In the interim, planners can move their bookings away from Hilton and Marriott brands, going with competitors who are still offering standard 10 percent commission rates instead. However, if other chains start to cut hotel commissions, intermediaries could choose to charge clients a larger service fee to compensate or even shy away from relying on commissions altogether.

But chances are, planners won’t avoid Marriott based on their ethical standards. As Brett Sterenson, President of Hotel Lobbyists, recently stated, “Any reputable intermediary is not going to intentionally avoid Marriott… We won’t do it because it is completely self-serving and not in our end users’ best interest — and we would lose business. Avoiding [Marriott] is impossible.”

Predictions From Around the Industry

Third-party planners will consolidate.

“The floodgates are now open for the larger hotel chains operating in North America to lower their commission rates for meetings alongside Marriott and Hilton. At a time when meeting space is limited and expensive, a wider shift will likely lead to a wave of consolidation for third-party meeting planners as they become less profitable.” -Andrew Scheivachman, Skift

Large franchise brands will follow, but spare the big guys.

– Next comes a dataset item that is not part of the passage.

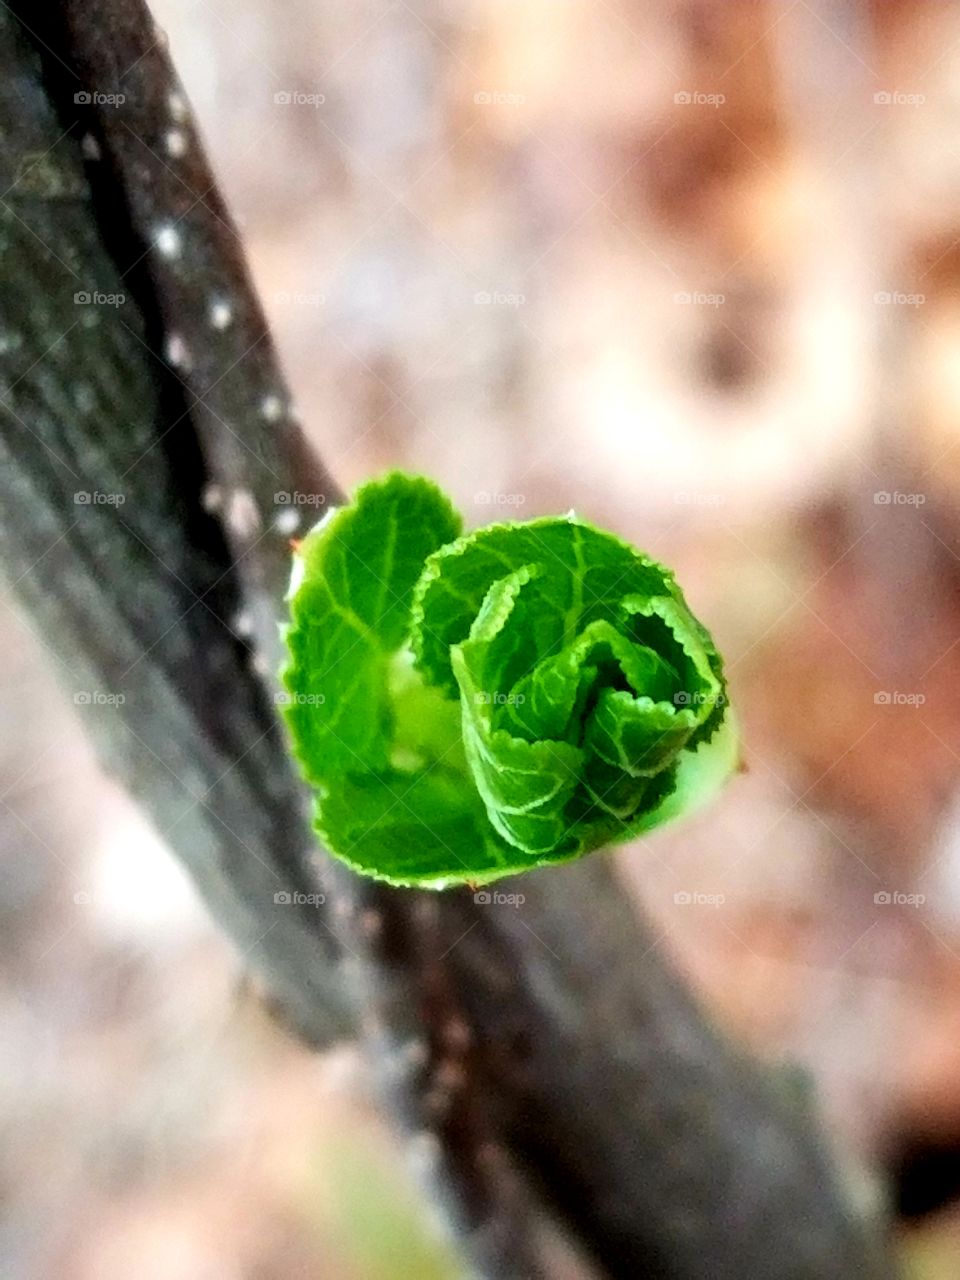 leaf springing up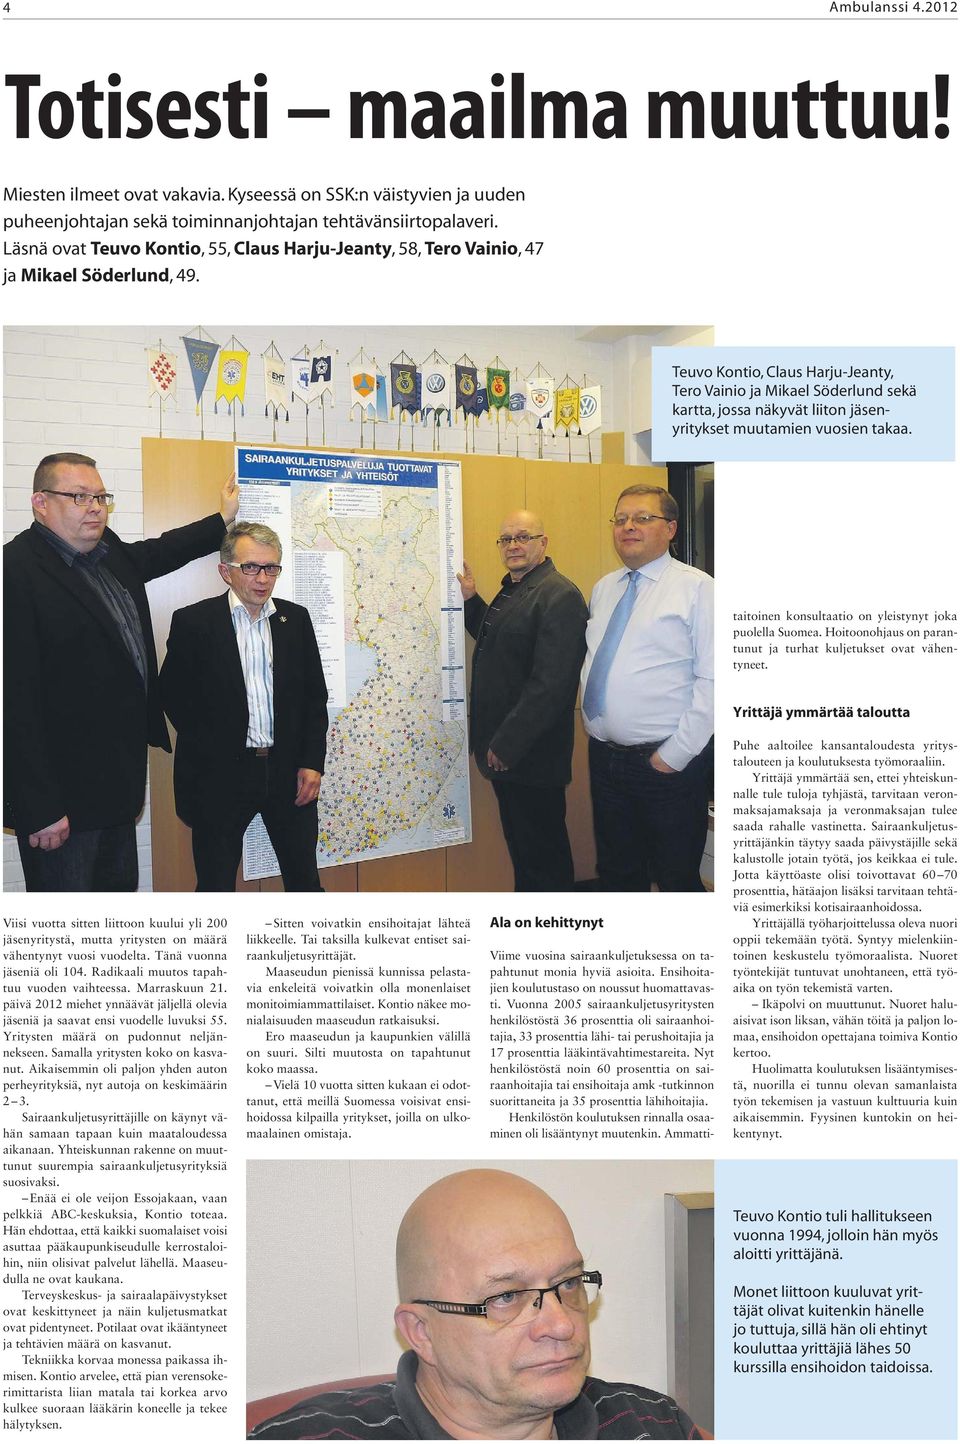 Teuvo Kontio, Claus Harju-Jeanty, Tero Vainio ja Mikael Söderlund sekä kartta, jossa näkyvät liiton jäsenyritykset muutamien vuosien takaa. taitoinen konsultaatio on yleistynyt joka puolella Suomea.

“Looking ahead, I believe we will see that most large franchise brands will reduce commissions across the board and then have some type of back-end volume bonus for the major third-party planners to reimburse them for lost commission.” -Elaine Macy, Executive Vice President of Global Group Sales, Preferred Hotels

Eventually, all commission will be cut.

I expect [commissions] to go from seven to zero. They’ll couch it in savings to the end-user, for our clients. The story has always been that the hotels didn’t charge more for commissionable rates, but that story is going to change. They’ll say, ‘Now that we don’t pay third-party commissions, we don’t have to pass that cost on to you.” -Bonni Scepkowski, President & Chief Strategy Officer, Stellar Meetings & Events

The future still isn’t clear.

Even with all the predictions, it’s difficult to say what lies in store in the year ahead — but there’s a high probability that more hotels will likely follow suit. Taking that into account, it’s a great time to for properties to improve their direct group booking capability. For planners, it’s time to re-evaluate the services they’re able to offer their clients to make sure they’re providing real value.